Veamos algunos ejemplos recientes para ilustrar esta cuestión. En uno de los intentos por tratar la Ley de Etiquetado Frontal de Alimentos en la Cámara de Diputados, Juntos por el Cambio no dio quórum con un menú de excusas que iban desde cuestiones protocolares hasta argumentos sobre la prioridad o no de esta iniciativa, pero que en definitiva cumplían la función de impedir avanzar en una norma que resistía el lobby de las grandes empresas alimentarias. La demanda de #EtiquetadoClaroYA efectivamente tenía un buen grado de transversalidad, pero en esta oportunidad era claro que no se había podido sesionar a causa de Juntos por el Cambio. Como contracara, también había quedado expresa la voluntad de sesionar del Frente de Todos. Ante este panorama, que las organizaciones pudieran ponerle nombre y apellido a la situación, pese a los temores por “partidizar” la disputa, terminó siendo clave para condicionar a quienes se pronunciaban a favor de la ley pero se habían dejado conducir por una jefatura política que –detrás de excusas– escondía la férrea defensa de intereses corporativos.
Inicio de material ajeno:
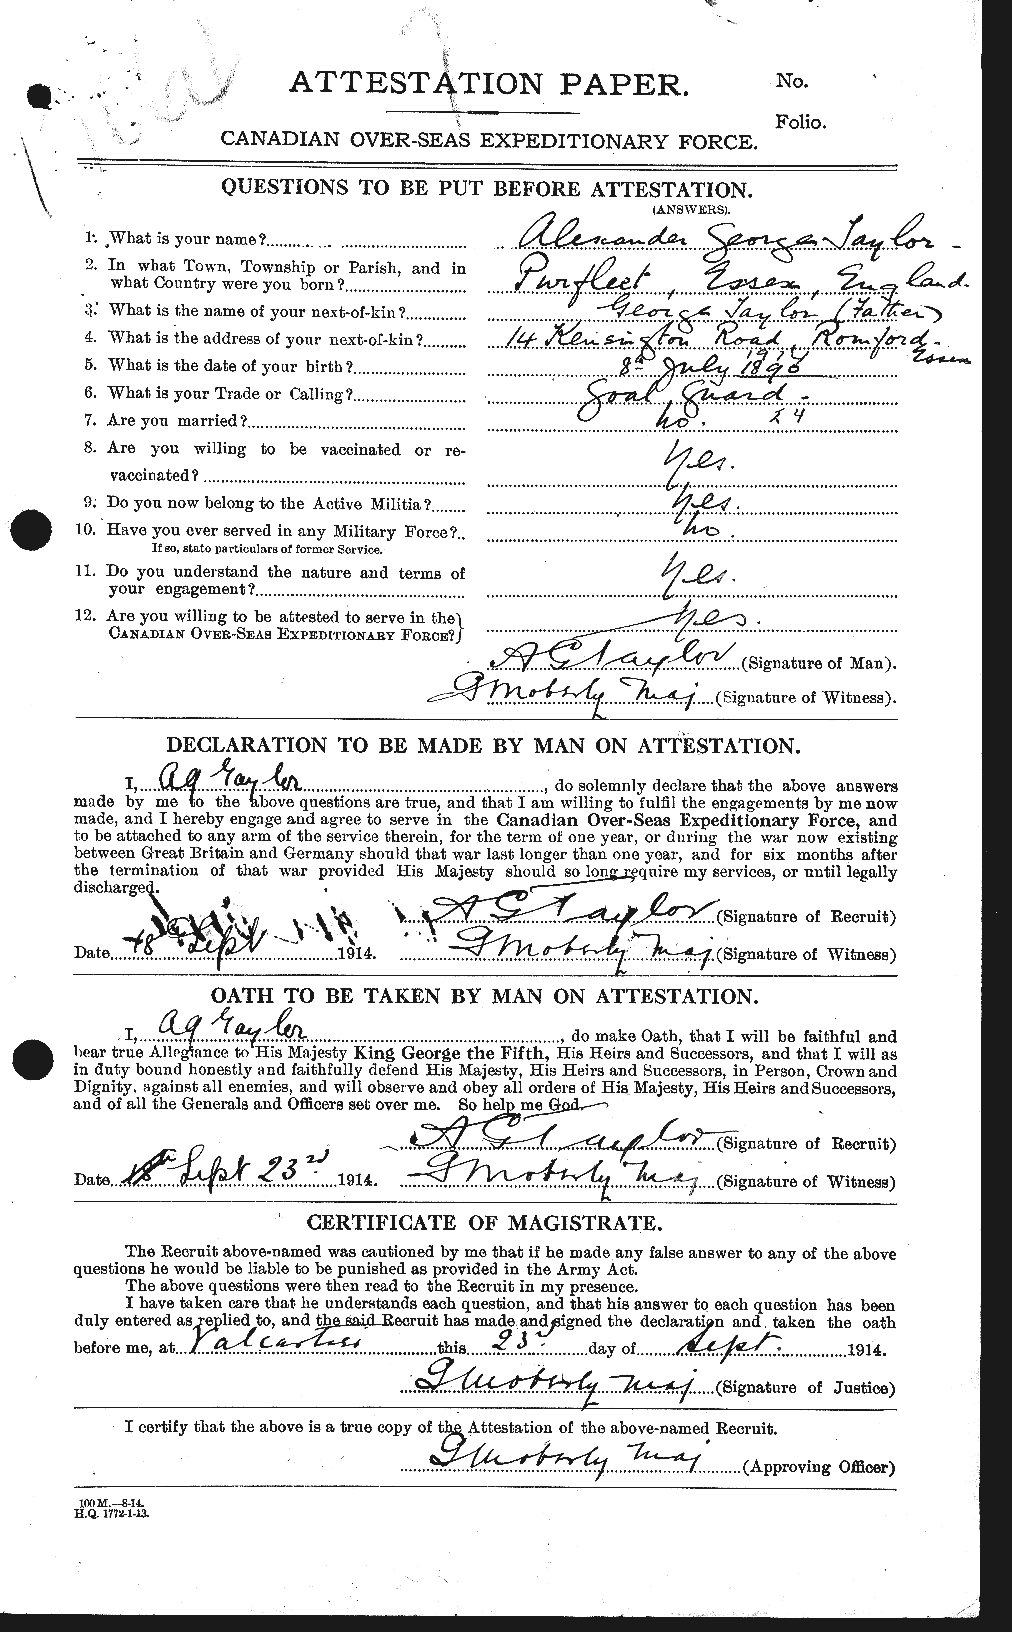 Dossiers du Personnel de la Première Guerre mondiale - CEC 626152a
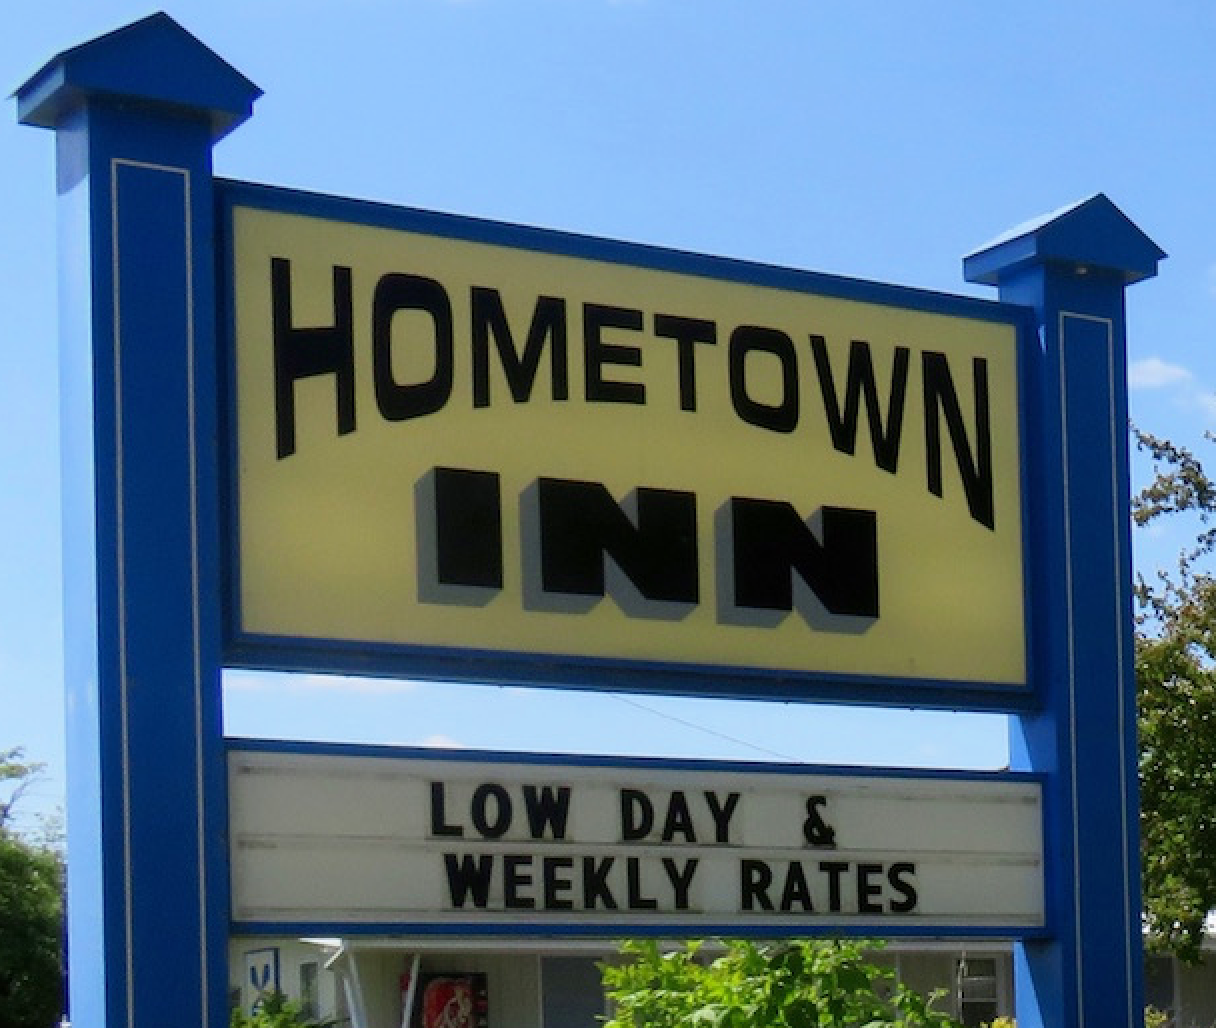 Hometown Inn – Seyahatiniz iÃ§in en iyisini seÃ§menize yardÄ±mcÄ± olacak seyahat yorumlarÄ±, restoranlar ve oteller hakkÄ±nda bilgi sayfasÄ±

Hoy, la discusión por la Ley de Envases vuelve a poner sobre la mesa esta disyuntiva. Ante la resistencia del mismo lobby empresarial que combatió la Ley de Etiquetado, los legisladores de la oposición diseminan fake news sobre el contenido de la iniciativa y realizan “audiencias públicas” a las que solo concurren cámaras privadas, para evitar que las empresas se responsabilicen del daño ambiental y paguen una tasa por el servicio de gestión de los residuos de envases que ellos utilizan pero que pagamos todos. Paradójicamente, para los legisladores de Juntos por el Cambio que dicen tener interés por la cuestión ambiental, la alternativa a Ley de Envases es un esquema en el que las empresas básicamente se autorregulan y el Estado solo está para los “incentivos”. De los trabajadores cartoneros y recicladores, actores centrales, ni hablemos.
La pregunta que subyace, entonces, es si es posible un ambientalismo que no moleste a los intereses de los poderes concentrados. No se trata de “partidizar” los conflictos ambientales, pero sí es necesario subrayar que la –pretendida– despolitización oculta esta distinción entre representaciones que es clave para liberarse de engaños y trazar las alianzas necesarias para colectivizar y darle fuerza a las demandas por el bien común.
Finalmente, el mayor desafío para el ambientalismo dentro de una organización política del campo nacional y popular es abordar estas complejidades sin quedar reducido a una posición defensiva o testimonial. Cómo ser transgresores sin dejar de lado la representatividad, apuntar a más pero construir las condiciones para que las transformaciones se puedan materializar en alternativas, políticas y horizontes comunes que den vuelta la taba en cada uno de los territorios. Por eso proponer un ambientalismo “popular” –subrayo esta palabra– implica no solo distinguirse del ambientalismo liberal o greenwashing que se termina donde empiezan los intereses del poder económico concentrado, o de aquel que critica y se opone por izquierda pero no construye alternativas realizables. Es influir en grandes decisiones, construir poder popular, ampliar las discusiones y no perderse en el camino del posibilismo. Militar el ambientalismo y, al mismo tiempo, apostar a ganar elecciones.
* Florencia Lampreabe es diputada nacional del Frente de todos.
** Artículo publicado en el número 55 de Contraeditorial.